OBJECTIVES: Additional treatment options are needed for patients with HR+/HER2- aBC. Selective estrogen receptor degraders (SERDs) have emerged as a promising treatment strategy for patients with ESR1-mutant aBC. The current standard of care (SOC) consists of fulvestrant, administered via intramuscular injection, for estrogen receptor (ER)-positive aBC. Elacestrant is a novel oral SERD under review for FDA approval. Results from the EMERALD phase III trial have demonstrated an improved 12-month progression-free survival (PFS) rate among patients with ER-positive aBC treated with elacestrant when compared to those who received the SOC (22.32% vs. 9.42%). This survey-based study aimed to evaluate patterns of genetic testing, prescribing behavior, and perceptions of treatment options for HR+ /HER2- aBC among community oncologists.

METHODS: Survey questions were administered to U.S. community oncologists at an in-person forum in April 2022. Descriptive statistics were used to analyze the results.

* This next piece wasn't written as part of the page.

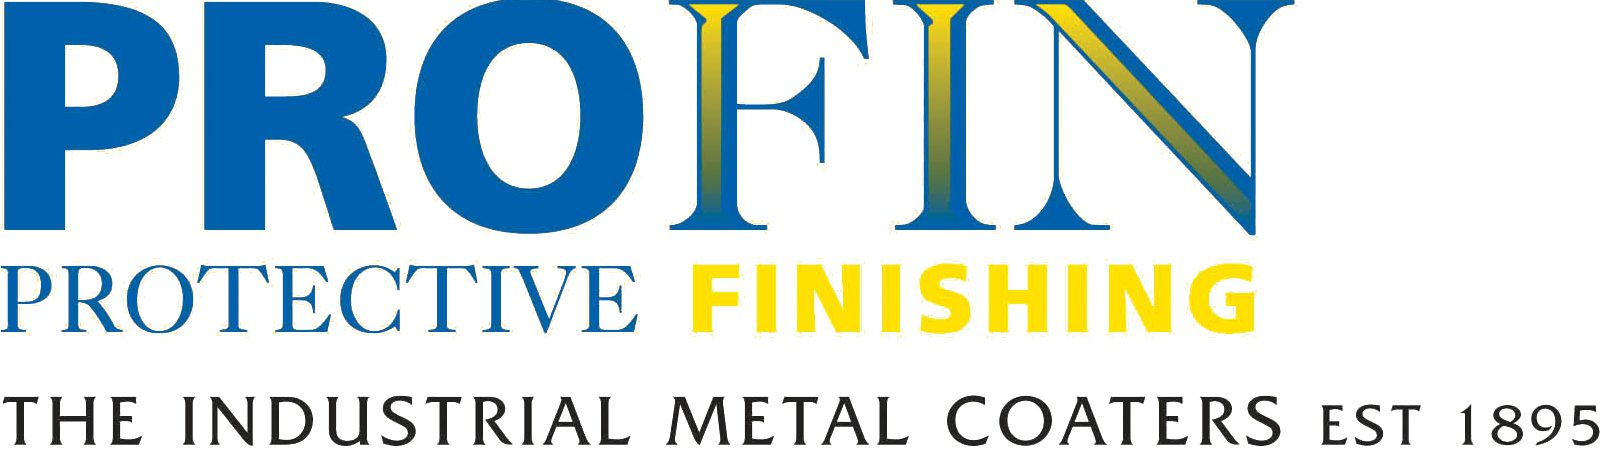 Logo of Profin Protective Finishing Ltd Metal Finishing Services In Redditch, Worcestershire

RESULTS: Respondents (N=53) reported their primary specialty as medical oncology (64%) and hematology oncology (36%) and had an average of 19 years in practice. Most respondents (73%) reported that they order next-generation sequencing testing at the time of metastasis/relapse, however few indicated testing for ESR1 status at initial diagnosis. 64% of respondents indicated they were “very likely to prescribe elacestrant”. Important factors when considering treatment for HR+/HER2- aBC with a novel therapy compared to SOC were: improved PFS rates (26%), ESR1 mutation status (25%), and improved overall survival (25%).

CONCLUSIONS: Findings demonstrate that community oncologists perceive there to be an opportunity for improvement over existing SOC for HR+/HER2- aBC. Elacestrant is an investigational oral SERD that is viewed favorably by providers and associated with improved PFS based on clinical trial data.